In the wake of George Floyd’s murder and increased public awareness of police brutality in 2020, the Eyekonz players wanted to organize a march in the name of Black women who had died at the hands of law enforcement.

“It’s a little dangerous in Philly,” Smith told them. Her daughter was one of the ringleaders.

Instead, the team workshopped public policy proposals to send to local and state officials. But they still wanted to march. So they researched the cases of previously nameless victims of police brutality and created posters to go with their lacrosse sticks. They marched from Eyekonz’s home field in Strawberry Mansion to the Philadelphia Museum of Art in the Fairmount neighborhood where Sloan Green lives.
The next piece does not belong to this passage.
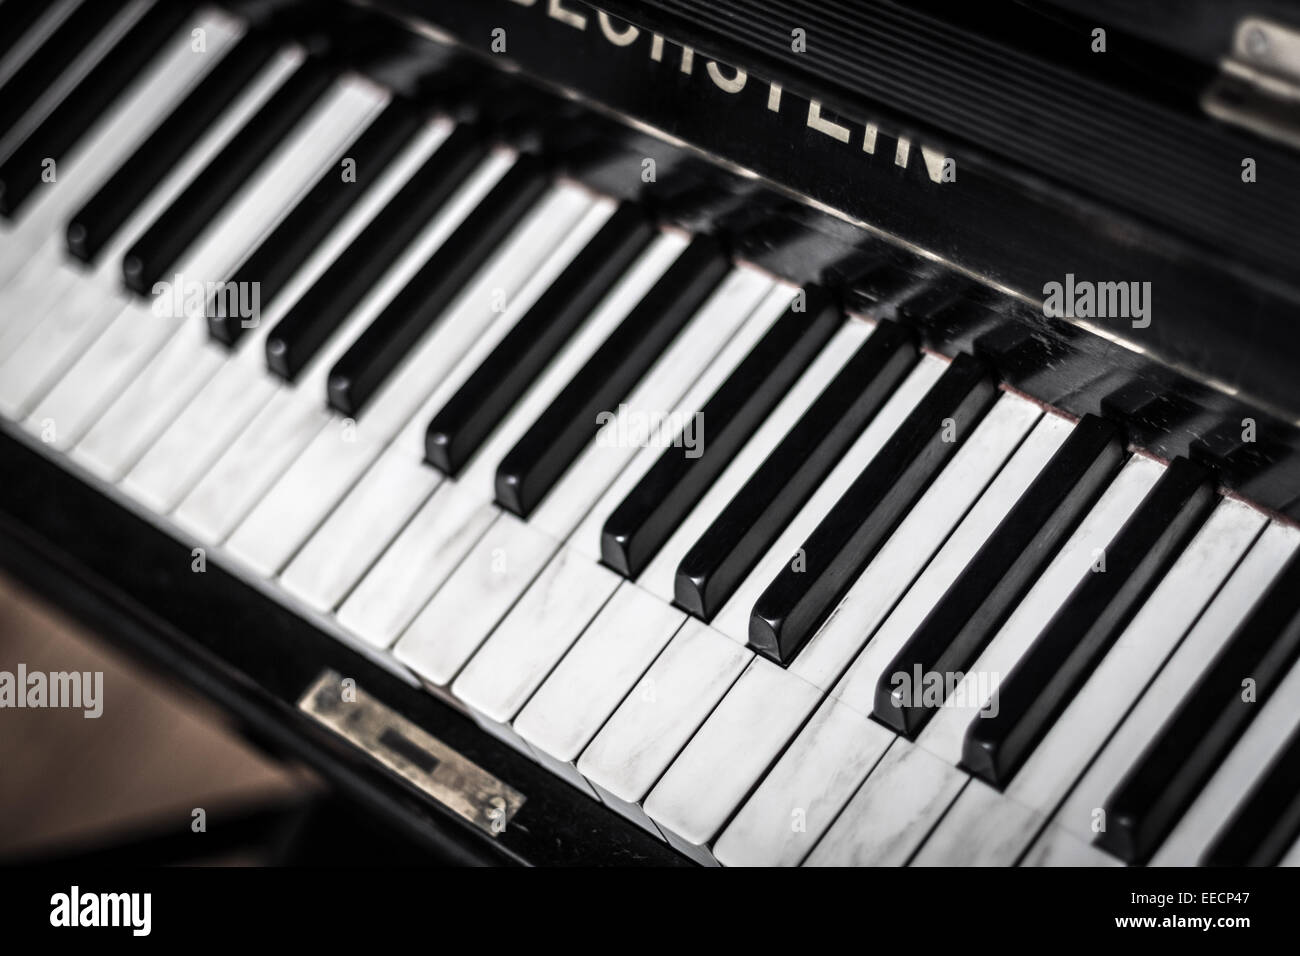 Keyboard of a vintage 1800's piano Stock Photo

“It translated onto the field. As soon as they did that, the whole program changed,” Smith said. “Their self-confidence — they felt like they belonged. And they knew they had a voice.”

Sloan Green lamented that teams today break down huddles with their sticks up. “We used to do hands in,” she said. “That was important, to touch each other.”

And to see hands that looked like yours.

“This is an amazing opportunity. You don’t see a lot of all-Black teams,” said Samiah Hayes, whom Smith singled out as having legitimate Division I potential as a lacrosse player if she applies herself in the coming years. “It’s a good way to build a family. I’ve learned to gain more self-confidence and to trust others more.”

Hayes was one of the players Smith chastised before sending them to “Mom Tina” under the tent. Sloan Green urged them to think feet-first on defense, like in basketball, but did not get a chance to say much more. Another coach competing in the 14U division of the World Lacrosse Women’s Festival — a white woman — interrupted them.

“I just wanted to say hi and thank you for what you’ve done for the game,” the woman said.

“It’s important for the new generation, not just with Eyekonz but across the world, to know the sustenance and the foundation that Tina Sloan Green created,” Smith said. “After she was sick, I was like, ‘You know what? What better way to give homage to the woman that paved the way not only for myself and for my players, but for women’s lacrosse, than to have her come back and share her knowledge?’ Since she came on, it’s like she never stopped.”